Strange encoding problems

From: Shilad Sen <shilad(at)sourcelight(dot)com>
To: pgsql-jdbc(at)postgresql(dot)org
Subject: Strange encoding problems
Date: 2003-09-10 05:27:22
Message-ID: 20030910052721.GA5724@nokomis.shilad.com
Views: Raw Message | Whole Thread | Download mbox | Resend email
Thread:
Lists: pgsql-jdbc

Greetings,

I'm trying to track down an encoding problem I'm having.

I've created a database encoded in latin1 (createdb -E latin1). I've imported
some data. I believe this all worked, because when I use psql, the encoded
characters "look" correct.

When a query returns the funny character (in this case Latin1 233, an e with
an acute accent), it looks to me like it returns a utf-8 encoding of the
latin1 encodings of the character.

For example, under Postgresql 7.2 when I set the charSet property to latin1, I
get back the latin1 characters 195 and 169 where 233 should be. Note that
these two characters form the UTF-8 encoding for character 233.

Under Postgresql 7.3, I get back the UTF-8 characters 195 and 169. This
probably has to do with the fact that the server is multi-byte.

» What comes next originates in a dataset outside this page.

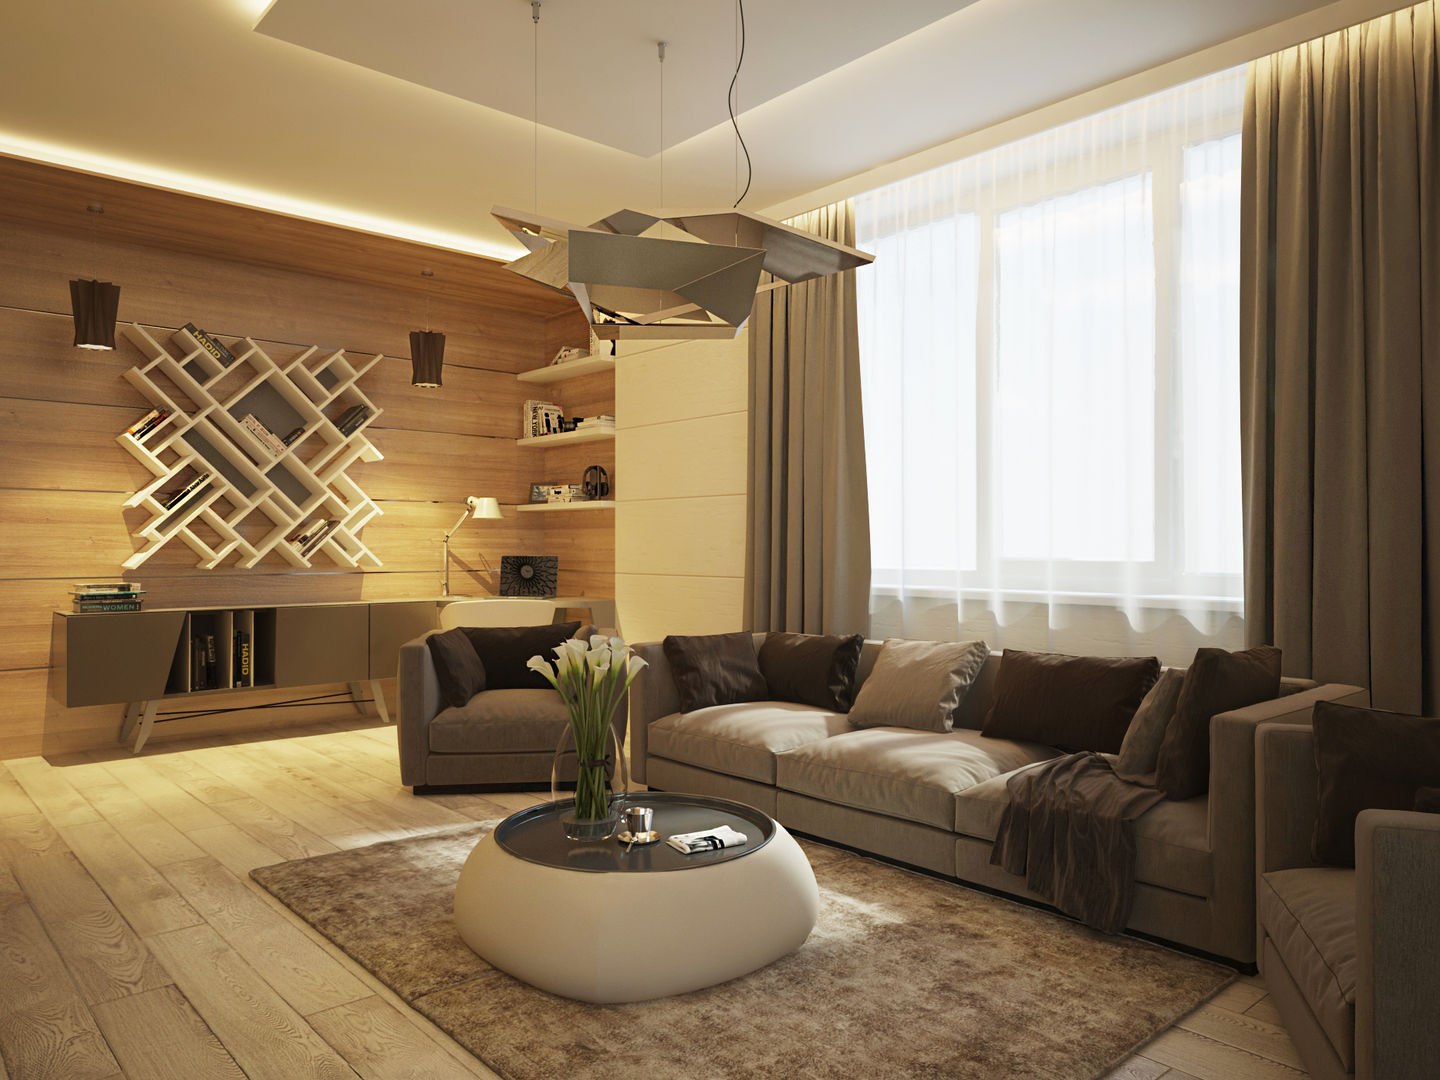 Квартира в современном минимализме, Polovets design studio Polovets design studio Living room

I'm using the 7.3.4 jdbc drivers.

I've poked through the source, and an even stranger thing is that under 7.2,
the wire-encoding for the character is 2 bytes long, while in 7.3 the wire
encoding is 4 bytes. Again, in both cases, the decoded value is two
characters that, when treated as bytes would form a utf-8 encoding for 233.

Wow - this is kind of confusing to explain.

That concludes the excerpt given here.